Slow-motion video is somewhat hard to achieve in most run-of-the-mill cameras on the market. Some flagship phones offer the feature, but it"s usually limited in either length, resolution, or frame rate, and it"s also hindered by the limited storage of mobile devices for such large files.
On the other hand, applying slow-motion effects to previously recorded videos will usually produce unpleasant results, with unnatural movements as a result of the software attempting to fill in between the frames of the original video. However, Nvidia, along with researchers from the University of Massachusetts and the University of California, has created a solution that could make it possible to turn any video into a slow-motion video without sacrificing the smoothness of the playback.
The technology, which will be presented at the this year"s edition of the Computer Vision and Pattern Referencing conference - taking place this week - relies on two convolutional neural networks (CNN) which work in conjunction to determine where objects are moving across frames and the position in which they will be in the frames in-between. VentureBeat describes how the two CNNs work together:
One convolutional neural network (CNN) estimates the optical flow — the pattern of motion of the objects, surfaces, and edges in the scene — both forward and backward in the timeline between the two input frames. It then predicts how the pixels will move from one frame to the next, generating what’s known as a flow field — a 2D vector of predicted motion — for each frame, which it fuses together to approximate a flow field for the intermediate frame.

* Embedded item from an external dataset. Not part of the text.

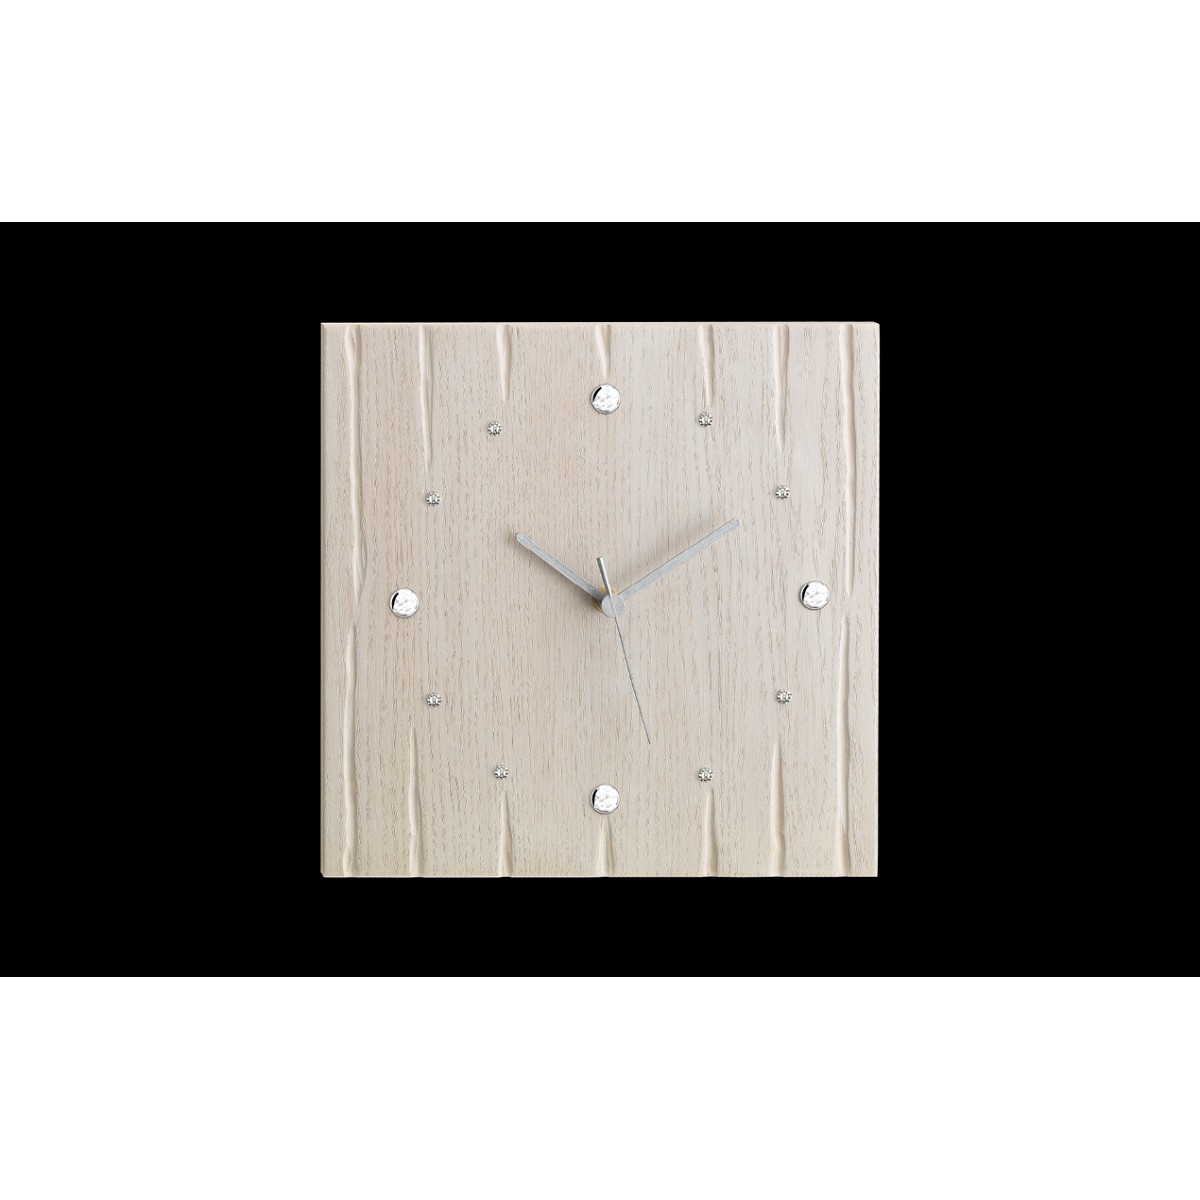 Ρολόι επίτοιχο σε ξύλο με χειροποίητη παλαίωση+Ασήμι+Swarovski
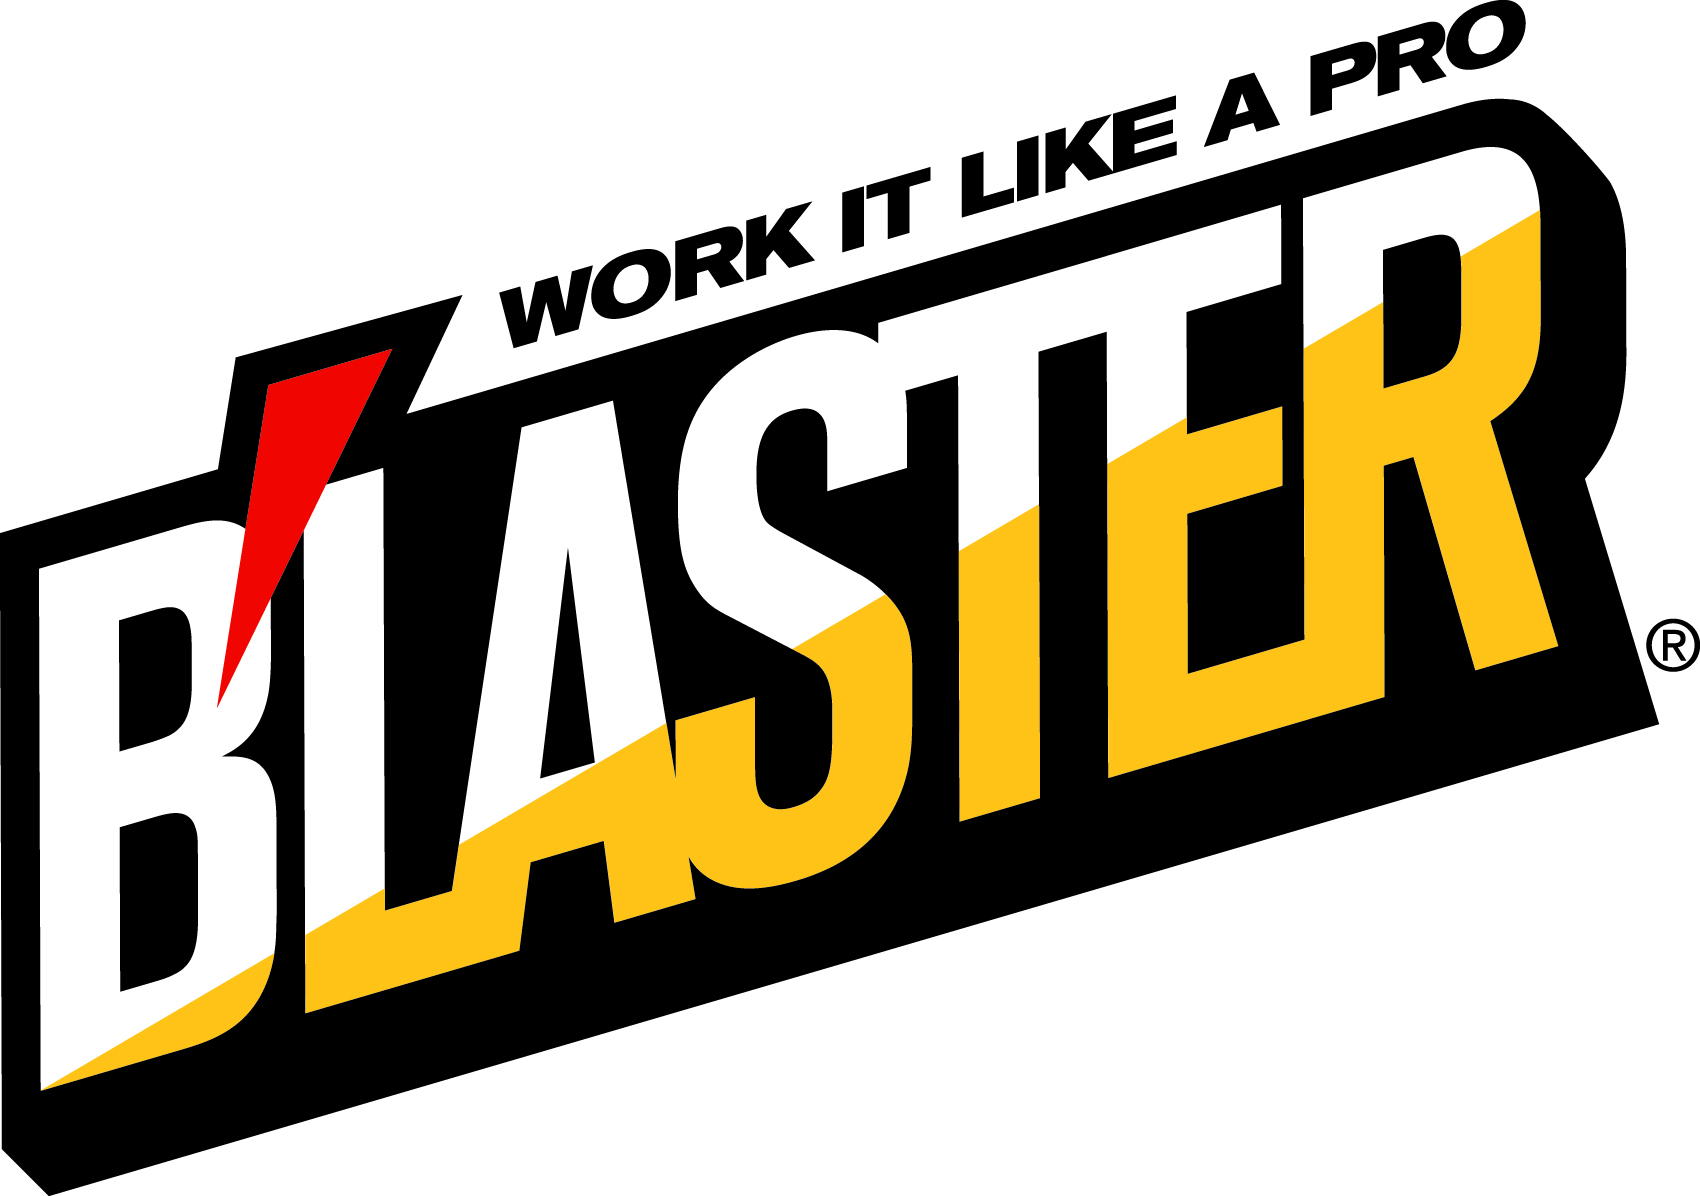 NEW_blaster_logo.jpg

A second CNN then interpolates the optical flow, refining the approximated flow field and predicting visibility maps in order to exclude pixels occluded by objects in the frame and subsequently reduce artifacts in and around objects in motion. Finally, the visibility map is applied to the two input images, and the intermediate optical flow field is used to warp (distort) them in such a way that one frame transitions smoothly to the next.
The researchers used Nvidia Tesla V100 GPUs and the cuDNN-accelerated PyTorch deep learning framework to train the system with 11,000 videos shot at 240 frames-per-second, after which it could fill the missing frames in the slow-motion video.
The technology yields the results you see in the video above, which looks surprisingly smooth for an artificially generated effect, even on videos with just 30 frames per second. The company also worked with YouTube channel The Slow Mo Guys to test the technology on videos with high framerates, such as 240 frames per second. What"s more, the technology can be used to slow down videos by any factor of time, though, presumably, slowing down the videos further will take longer to fill in all the intermediate frames of the video.
As promising as the technology is, Nvidia doesn"t believe it"s ready for the consumer market as it needs a lot of optimization before it can run in real time and, even if it does make its way to consumers, the majority of the processing will have to be done in the cloud. With that being said, the technology is certainly interesting and it could bring slow-motion video to many more people sometime in the future.